>I do not have a Web browser to base my browser on, so my question is
>what is the best way to parse HTML for my purposes? I am using a
>Windows 3.x platform (16-bit).
>
>Some ideas I have thought of doing include:
>
>- using sgmls
This will work, but it may not be convenient.
>- using the W3C Reference Library
The HTML parsing code in the W3C reference library has gotten
kinda crufty. Henrik has been concentrating on protocols
for quite some time, and the SGML/HTML stuff hasn't been
revised much, even though we've found some bugs and changed
our minds about the best way to do some things.
I've been working on some code to update the library. I have
it working, but I haven't done much integration with the
library.
A tech report describing my work is in progress at:
"A Lexical Analyzer for HTML and Basic SGML"

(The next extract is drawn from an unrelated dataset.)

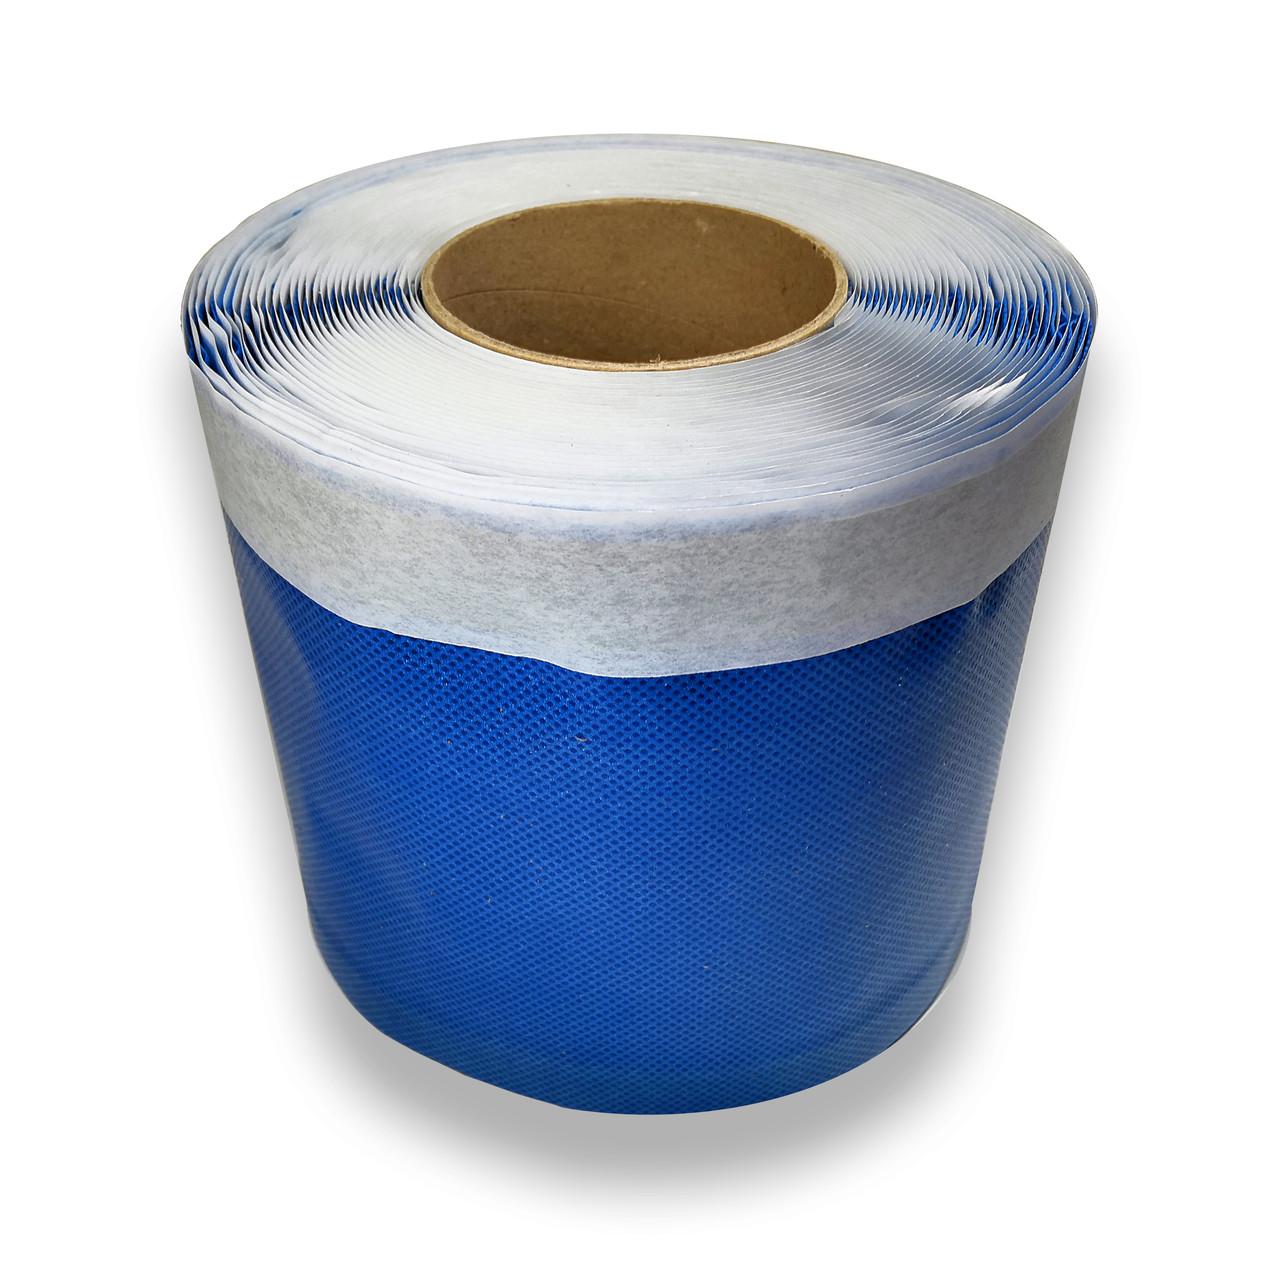 Герметизирующая  лента для монтажа окон внутренняя 150 мм х 12 м S
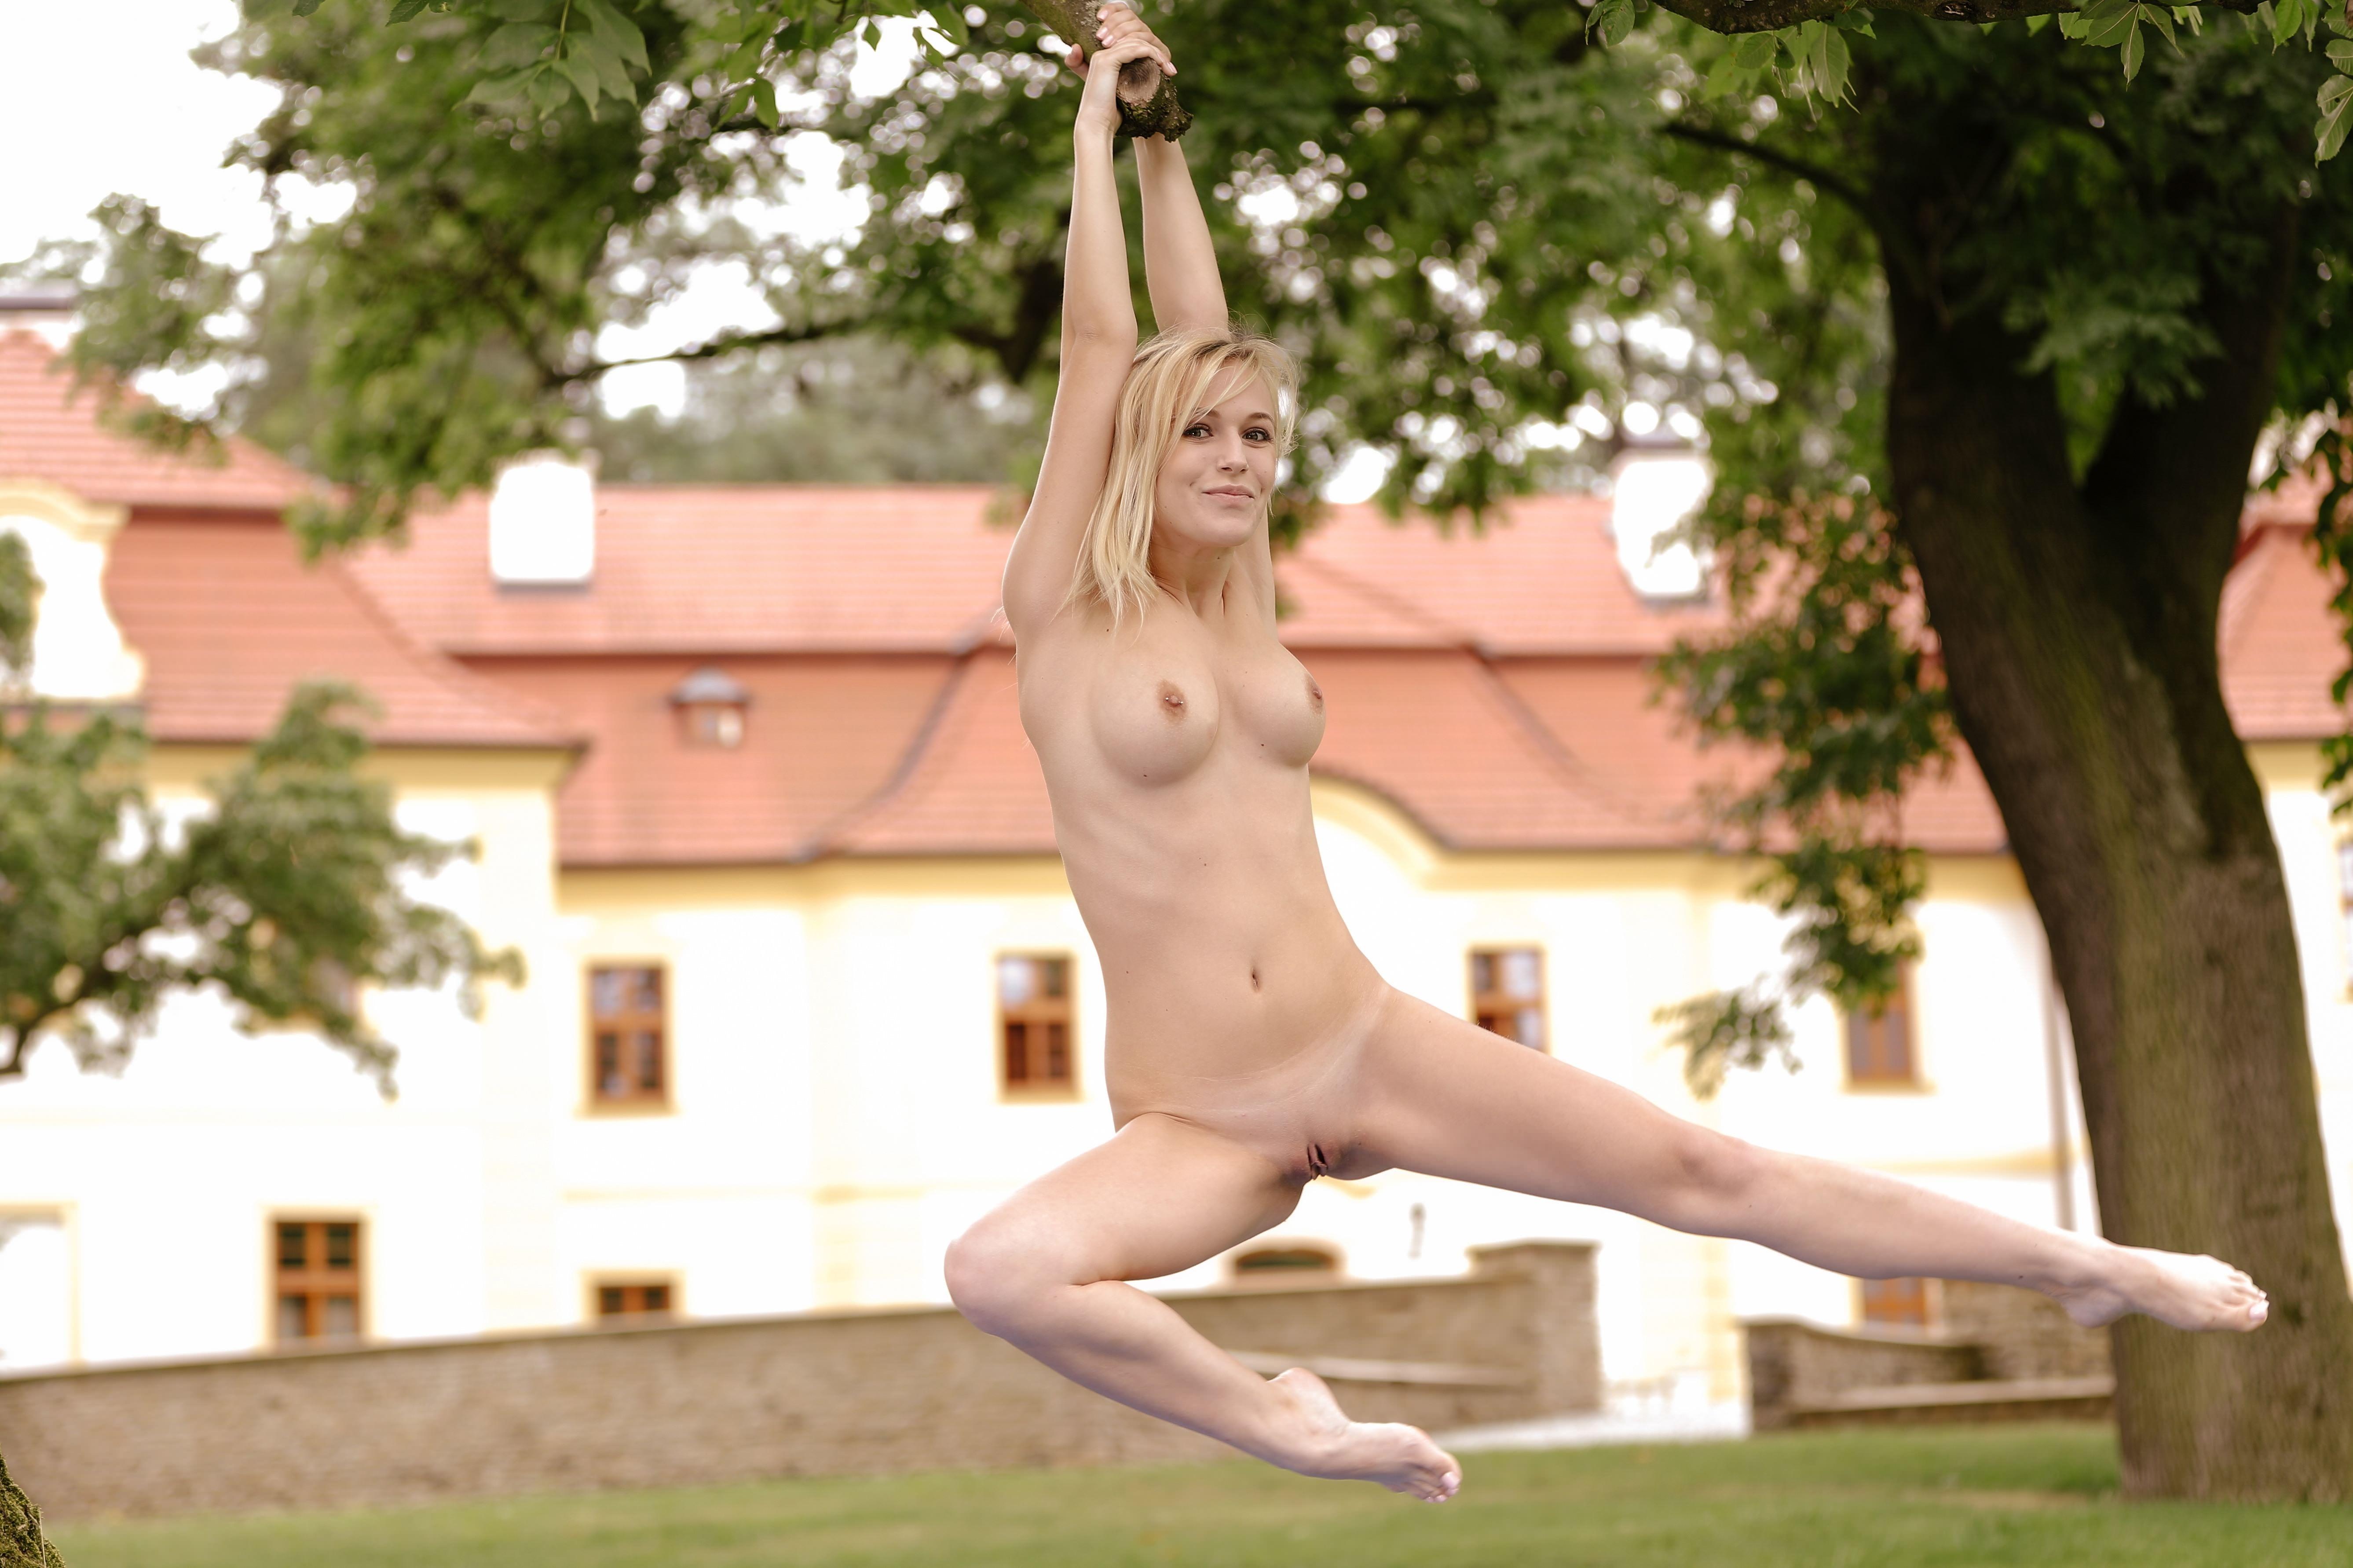 Фото Голая блондинка повисла на тарзанке, скачать картинку бесплатно

$Id: sgml-lex.html,v 1.8 1995/10/11 21:47:30 connolly Exp $
http://www.w3.org/pub/WWW/MarkUp/SGML/sgml-lex/sgml-lex.html
It includes a lex spec. You probably can't run lex on a 16bit
platform, but you should be able to use the code that lex
spits out when I run it.
Let me know if you want to be an alpha tester. I don't have
a public distribution ready.
Dan